Karen News, November 6, 2013
Australian government aid money that has helped save the lives of thousands of people from Burma coming to Mae Tao Clinic, on the Thai-Burma border for critical treatment, is to stop.
APHEDA the Australian Trade Union overseas aid provider estimates that as many 45,000 people coming to Mae Tao Clinic have received critical medical treatment this year alone from Australian government aid.
The Australian Government has said that it will not continue to fund Mae Tao Clinic the Aus$450,000 it now gives beyond December 2013, as the government’s priority is now to prepare Burmese refugees for repatriation, conditions permitting.
Karen News is led to understand from Australian government documents that the Mae Tao Clinic’s proposal for partially funding was not successful as it did not match the objectives of
In 2011 the Burma government introduced a number of reforms. Despite the reforms many of the people coming to Mae Tao Clinic cannot access or afford health care in their own country. Burma has the lowest expenditure on health care in South East Asia.
Despite Burma’s government increasing spending on health care in 2013, the rise brought healthcare spending to a paltry 3.9% of the country’s total budget.
Sam Carter, a health economist told Karen News that, “Burma is the only developing country in Southeast Asia where spending on the military is higher than combined spending on healthcare and education.”
Dr Cynthia pointed out to Karen News that it will be years before Burma’s under funded health infrastructure will be capable of properly treating its citizens.
“Burmese people are getting poorer. We are not only treating migrants and refugees, but people from the cities and from the other side of Burma need help. In my time here I have never seen the patient caseload decrease, and it won’t until there’s years and years of stability and security. The people of Burma will never give up they love for their country and their children. And our clinic, will never stop caring for them.”
Dr Cynthia told Karen News that her ever-increasing patient caseload is dictated by poverty, military oppression and the lack of human rights in Burma.
“One in twelve women in eastern Burma are at risk of death during pregnancy and birth. One in five children, will die before the age of five. These numbers are the shocking. 70% of deaths are caused by malaria, pneumonia and diarrhea that can be prevented by vaccine or by improving water sanitation or maternal nutrition.”
It is well documented and audited by international health organisations that the Mae Tao Clinic on the Thai-Burma border, founded by Dr Cynthia Maung, provides vital healthcare to more than 150,000 people from Burma every year – refugees, unemployed workers, the displaced, farmers and migrant workers.
Ironically, Dr Cynthia Maung, founder of Mae Tao Clinic, is in Sydney to receive the 2013 Sydney Peace Prize. On the Sydney Peace Foundation website a statement from the Sydney Peace Prize Jury’s citation reads: “Dr Maung: for her dedication to multi-ethnic democracy, human rights and the dignity of the poor and dispossessed, and for establishing health services for victims of conflict.”
Dr Maung, an ethnic Karen, fled Burma after the pro-democracy uprisings of 1988 that swept the country. In the military regime’s crackdown on the protestors it is estimated that 3,000 people were killed and many jailed.

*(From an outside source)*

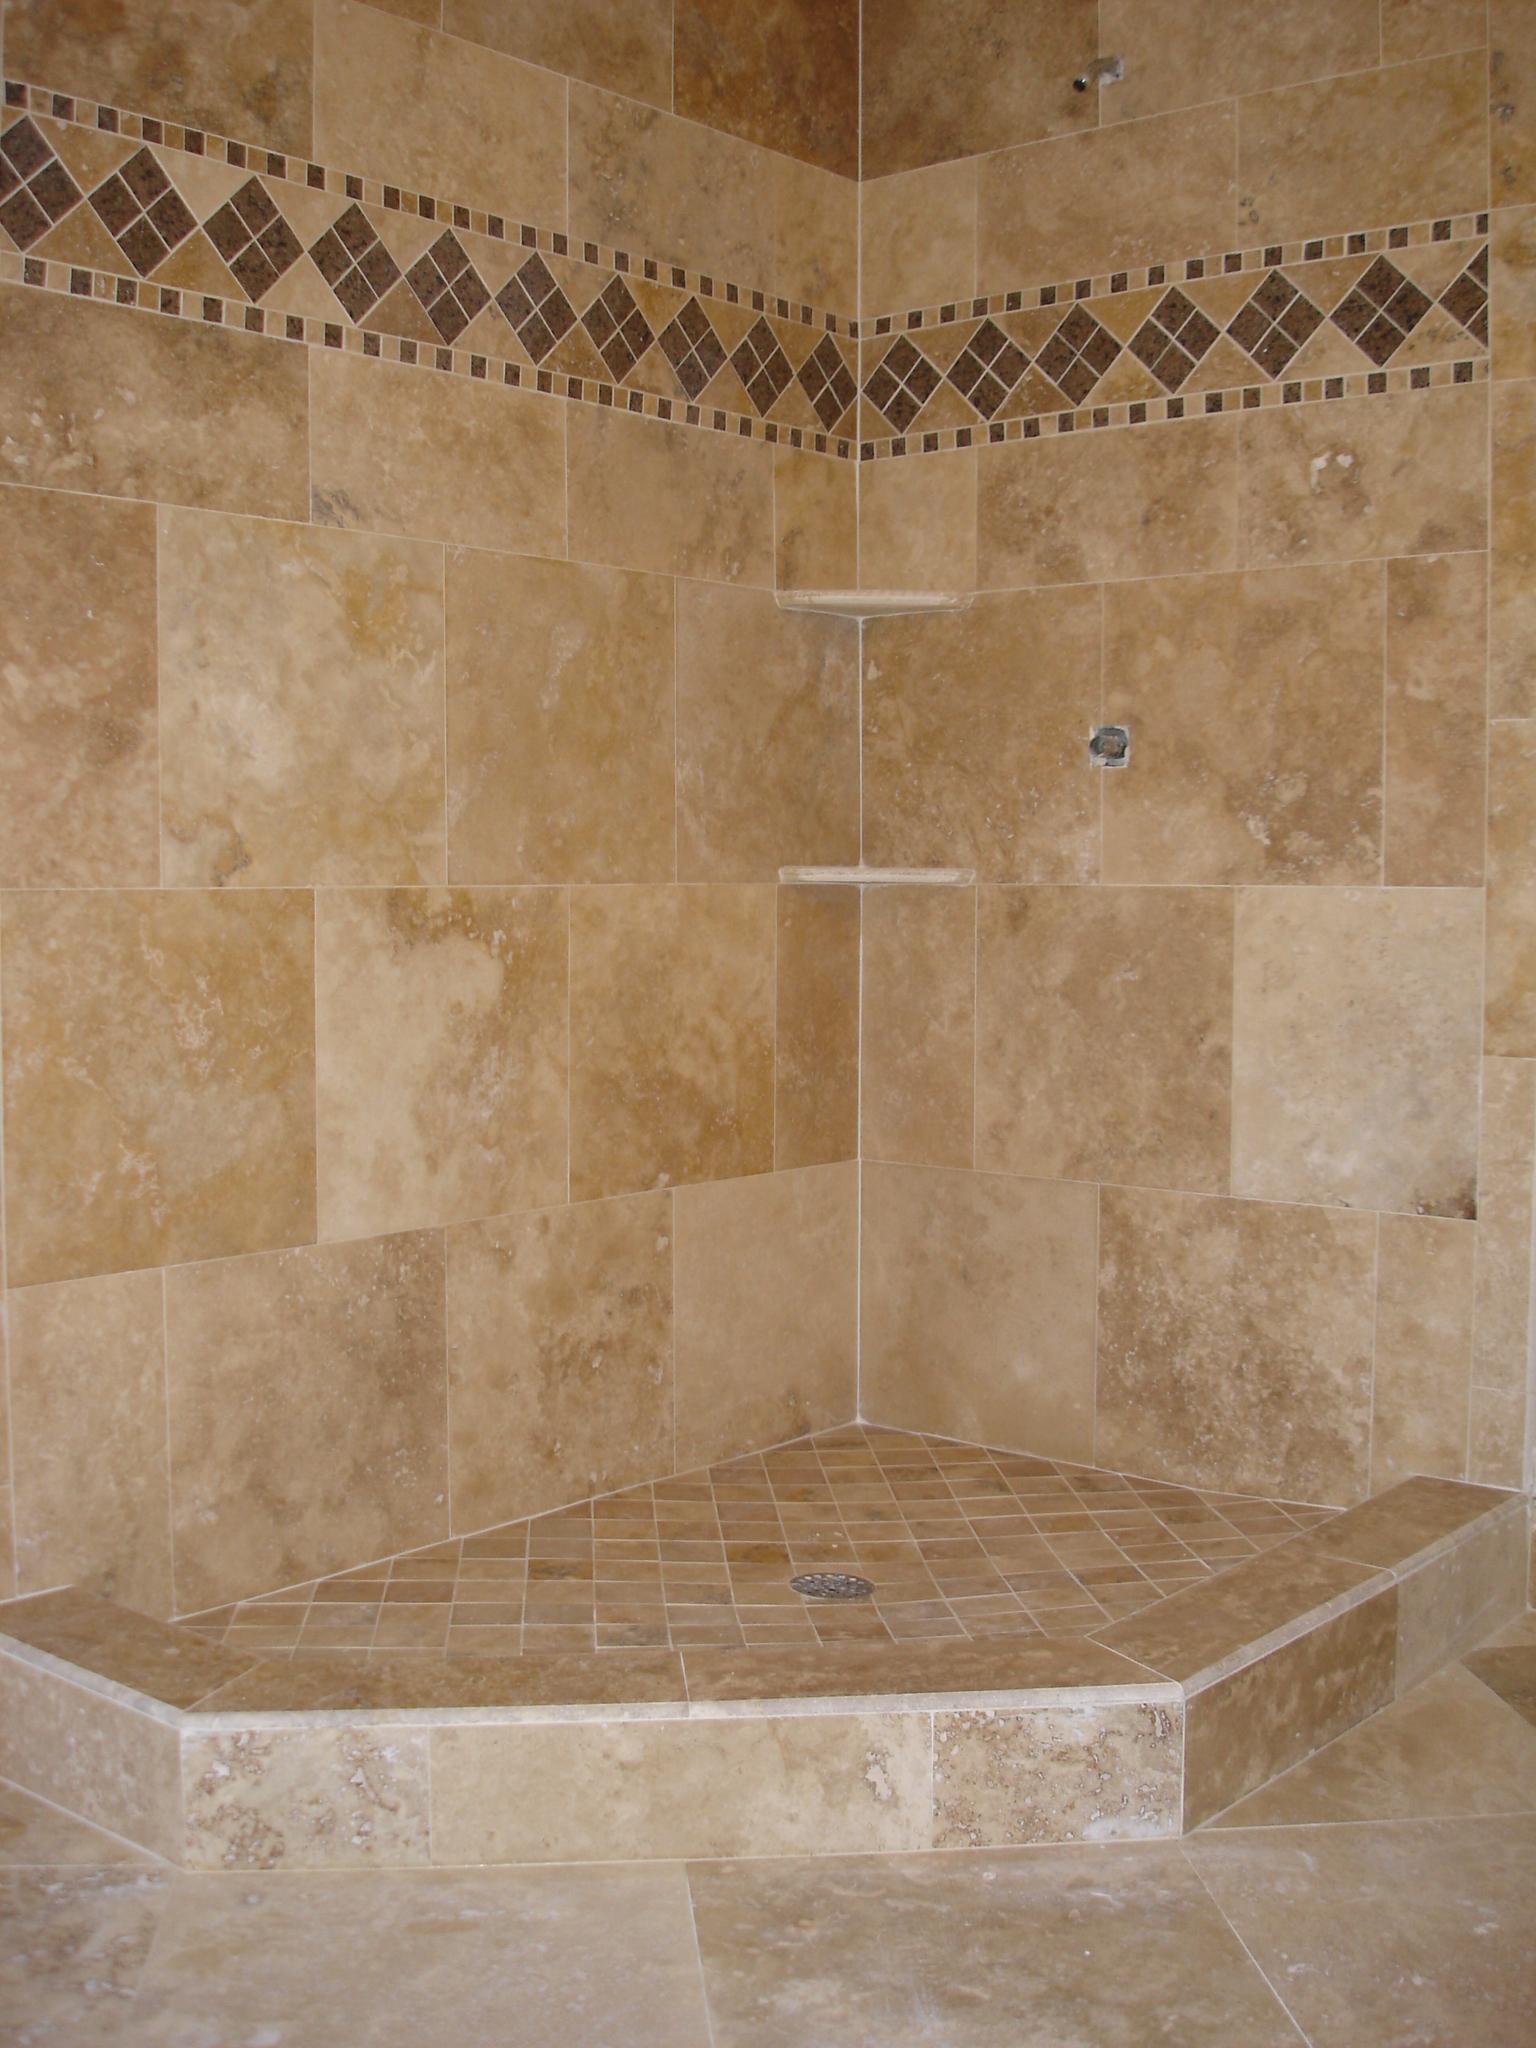 Stone Work - Travertine   Tek Tile - Custom Tile & Designs on Bathroom Tile Pattern Design  id=51202

In 1989 with help from foreign aid workers and Karen leaders, Dr. Cynthia opened a makeshift clinic to look after people caught up in the armed conflict in Burma or unable to afford or access health care in their own country.
Dr Cynthia expected to return home to Burma in three months – 24 years later she is still treating people at the Mae Tao Clinic on the Thai Burma border.
The Sydney Peace Foundation on its web site acknowledged that Dr Cynthia “has advanced the cause of peace in the AsiaPacific region and upheld the best humanitarian and ethical traditions of the medical profession.